All of the records should come back exactly as written.

Available records:
- Opening Delimiter -
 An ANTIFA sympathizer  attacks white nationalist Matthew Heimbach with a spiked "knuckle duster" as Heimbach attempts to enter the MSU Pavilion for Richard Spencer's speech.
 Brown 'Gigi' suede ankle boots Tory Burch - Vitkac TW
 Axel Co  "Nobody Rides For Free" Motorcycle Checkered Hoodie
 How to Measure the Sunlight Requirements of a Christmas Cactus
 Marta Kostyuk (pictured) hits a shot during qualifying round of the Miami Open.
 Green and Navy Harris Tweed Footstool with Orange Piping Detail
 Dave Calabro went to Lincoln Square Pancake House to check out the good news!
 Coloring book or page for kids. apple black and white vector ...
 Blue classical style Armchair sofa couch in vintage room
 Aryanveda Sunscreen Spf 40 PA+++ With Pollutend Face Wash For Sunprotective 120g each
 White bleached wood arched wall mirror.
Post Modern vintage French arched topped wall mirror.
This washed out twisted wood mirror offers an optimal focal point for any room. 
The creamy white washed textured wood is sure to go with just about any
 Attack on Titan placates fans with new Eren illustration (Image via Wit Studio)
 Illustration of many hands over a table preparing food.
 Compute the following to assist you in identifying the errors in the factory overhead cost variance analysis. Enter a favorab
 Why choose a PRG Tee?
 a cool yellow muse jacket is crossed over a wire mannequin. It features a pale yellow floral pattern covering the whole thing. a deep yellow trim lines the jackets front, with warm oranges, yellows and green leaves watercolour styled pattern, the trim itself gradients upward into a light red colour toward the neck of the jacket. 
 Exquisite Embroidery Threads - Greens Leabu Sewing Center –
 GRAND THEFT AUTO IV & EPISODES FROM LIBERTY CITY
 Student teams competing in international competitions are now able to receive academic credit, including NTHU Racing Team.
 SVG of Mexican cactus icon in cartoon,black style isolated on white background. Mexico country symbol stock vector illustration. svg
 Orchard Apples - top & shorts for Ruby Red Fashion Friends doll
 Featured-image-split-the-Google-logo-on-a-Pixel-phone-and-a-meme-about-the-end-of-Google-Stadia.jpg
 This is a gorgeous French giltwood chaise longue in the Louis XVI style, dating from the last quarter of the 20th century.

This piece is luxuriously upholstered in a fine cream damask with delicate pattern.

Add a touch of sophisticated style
- Closing Delimiter -
Exercise output:
 An ANTIFA sympathizer  attacks white nationalist Matthew Heimbach with a spiked "knuckle duster" as Heimbach attempts to enter the MSU Pavilion for Richard Spencer's speech.
 Brown 'Gigi' suede ankle boots Tory Burch - Vitkac TW
 Axel Co  "Nobody Rides For Free" Motorcycle Checkered Hoodie
 How to Measure the Sunlight Requirements of a Christmas Cactus
 Marta Kostyuk (pictured) hits a shot during qualifying round of the Miami Open.
 Green and Navy Harris Tweed Footstool with Orange Piping Detail
 Dave Calabro went to Lincoln Square Pancake House to check out the good news!
 Coloring book or page for kids. apple black and white vector ...
 Blue classical style Armchair sofa couch in vintage room
 Aryanveda Sunscreen Spf 40 PA+++ With Pollutend Face Wash For Sunprotective 120g each
 White bleached wood arched wall mirror.
Post Modern vintage French arched topped wall mirror.
This washed out twisted wood mirror offers an optimal focal point for any room. 
The creamy white washed textured wood is sure to go with just about any
 Attack on Titan placates fans with new Eren illustration (Image via Wit Studio)
 Illustration of many hands over a table preparing food.
 Compute the following to assist you in identifying the errors in the factory overhead cost variance analysis. Enter a favorab
 Why choose a PRG Tee?
 a cool yellow muse jacket is crossed over a wire mannequin. It features a pale yellow floral pattern covering the whole thing. a deep yellow trim lines the jackets front, with warm oranges, yellows and green leaves watercolour styled pattern, the trim itself gradients upward into a light red colour toward the neck of the jacket. 
 Exquisite Embroidery Threads - Greens Leabu Sewing Center –
 GRAND THEFT AUTO IV & EPISODES FROM LIBERTY CITY
 Student teams competing in international competitions are now able to receive academic credit, including NTHU Racing Team.
 SVG of Mexican cactus icon in cartoon,black style isolated on white background. Mexico country symbol stock vector illustration. svg
 Orchard Apples - top & shorts for Ruby Red Fashion Friends doll
 Featured-image-split-the-Google-logo-on-a-Pixel-phone-and-a-meme-about-the-end-of-Google-Stadia.jpg
 This is a gorgeous French giltwood chaise longue in the Louis XVI style, dating from the last quarter of the 20th century.

This piece is luxuriously upholstered in a fine cream damask with delicate pattern.

Add a touch of sophisticated style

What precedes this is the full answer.